Search code examples
sqlrrdbmsspss

Automating definition of tables and columns creating an RDBMS from a stats package like SPSS


What is a good tool to use to automate or semi-automate (ie give a good headstart) the process of taking a rectangle of data from a statistics package like SPSS and:

  • saving the main rectangle data in text format that can be read by a database
  • saving additional files for other reference tables (eg value labels)
  • drafting (probably to be polished up by hand) a script or batch file with the SQL to create the tables and columns in a database and import the text files as rows of data in the relevant tables?

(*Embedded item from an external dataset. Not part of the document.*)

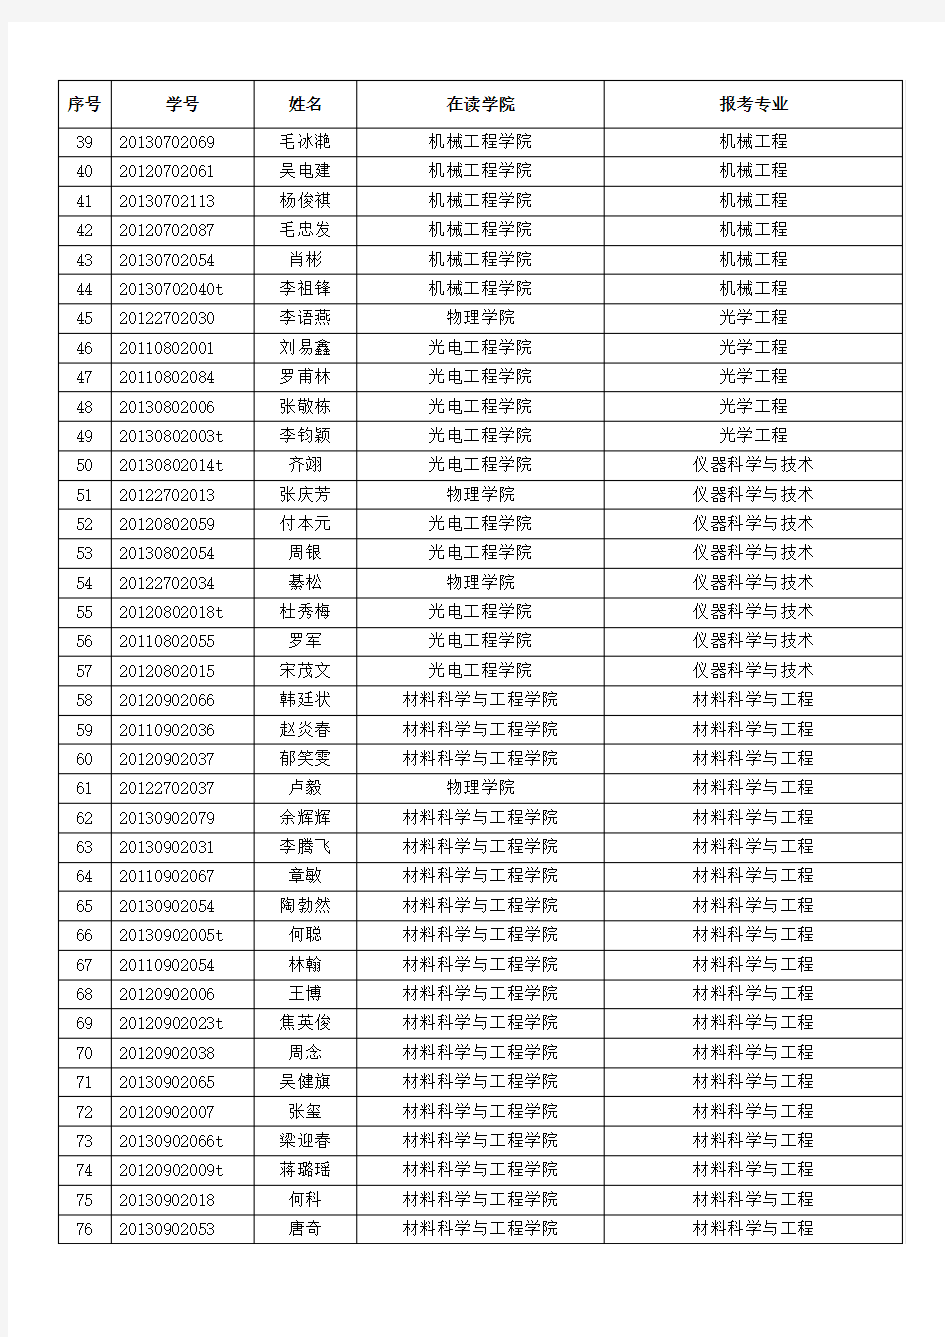 重庆大学2014春季入学拟录取硕博连读生名单

I doubt full automation is possible but this must be a reasonably common task. We have about a dozen such datasets, some with several hundred variables, that we want to set up in a relational database (Oracle, if that makes any difference). There is no conceptual difficulty in doing this by hand other than prohibitive cost.

I feel there must be such a tool available but I am clearly searching in the wrong places or using the wrong terminology.

(edit - added the R tag because in my own answer to this I am using it as part of the solution)


Solution

  • OK, after further investigation (and thanks for the answer I was given, which was helpful although not quite fully there), I now favour:

    1. bringing the data into R eg with the foreign package
    2. Creating a data frame for each reference table I need
    3. Replacing the original factor with an as.numeric() or unclass() version, so it is just the numbers, not the labels
    4. saving both the main data and the reference tables to the database using sqlSave() from the RODBC package.

    Step 2 is facilitated by a little function like this:

    factorToRef <- function(x, field){
        tmp <- levels(x)
        tab <- data.frame(1:length(tmp), tmp)
        names(tab) <- paste(field, c("_ID","_NAME"), sep="")
        tab
    }
    

    Which can give results like

    > data(iris)
    > factorToRef(iris$Species, "species" )
      species_ID species_NAME
    1          1       setosa
    2          2   versicolor
    3          3    virginica
    

    That are then the basis of a reference table to be saved in the database.